Standing stone, Oughtihery, Co. Cork
Co. Cork |
Stone Monuments
In the townland of Oughtihery in mid Cork, a prehistoric standing stone once rose from the ground and has since vanished so completely that not even a depression marks where it stood.
It is the kind of absence that repays attention, a place defined entirely by what is no longer there.
The stone appears on the Ordnance Survey six-inch map of 1842, labelled "Dallaun", and again on the 1904 revision, this time spelled "Gallaun". Both spellings are anglicisations of the Irish "galláin", the common term for a standing stone, a single upright megalith whose original purpose, whether as a boundary marker, a ritual monument, or something else entirely, is rarely recoverable. By the time the next OS survey was produced in 1938, the stone had disappeared from the map altogether, and at some point between 1904 and that revision it was removed from the ground. No surface trace remains.

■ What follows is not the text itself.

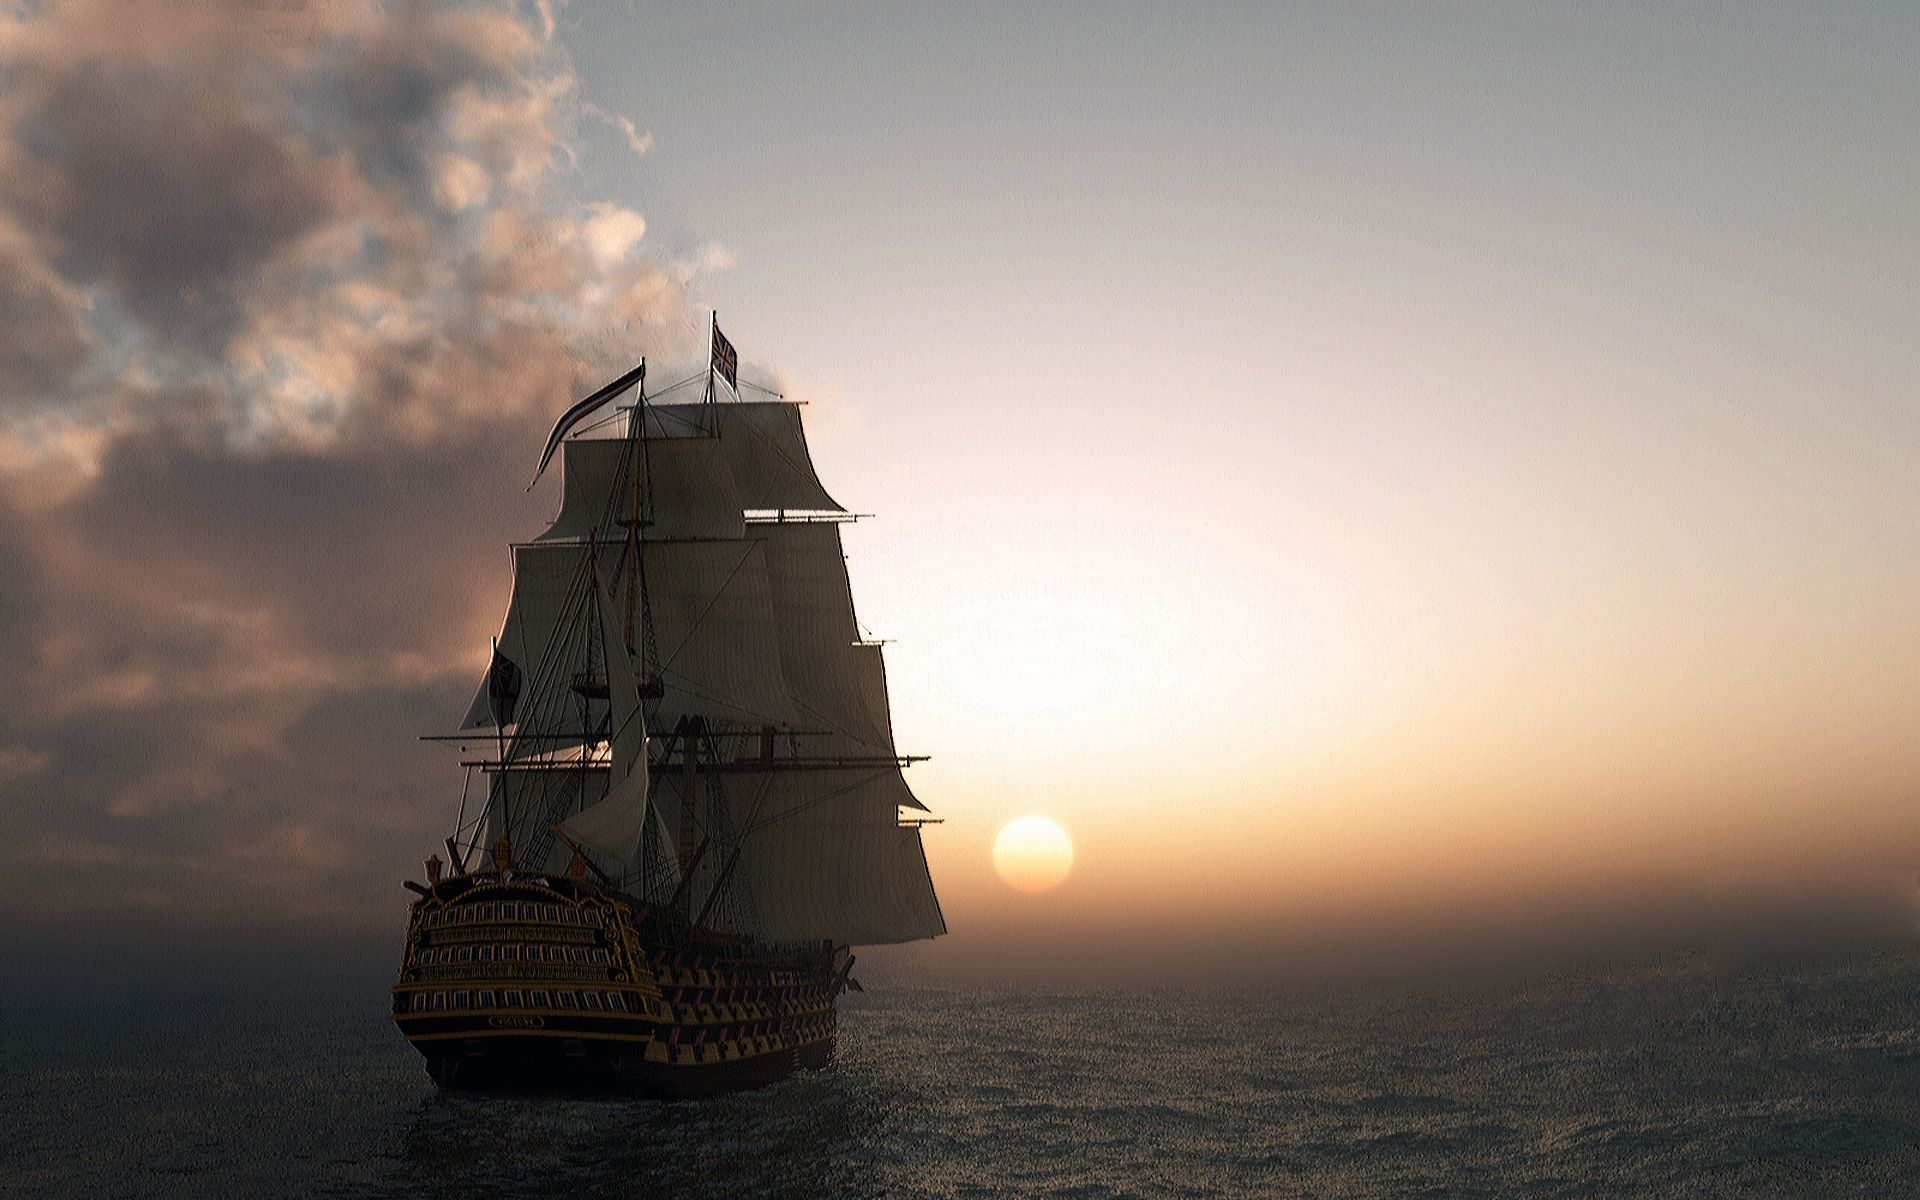 Обои корабль, парусник, Облака. Пейзажи foto 12

What makes this particular case quietly instructive is the paper trail. The two nineteenth and early twentieth century maps confirm the stone was still standing within living memory of people alive today, or close to it. Its disappearance is not ancient; it was a decision someone made, probably a farmer clearing land, possibly someone who needed the stone for building. Standing stones across Ireland were quarried for gateposts, incorporated into field walls, or simply levered out because they were an inconvenience. The maps record the stone's name, its approximate location, and then its absence, which is more documentation than most lost monuments ever receive.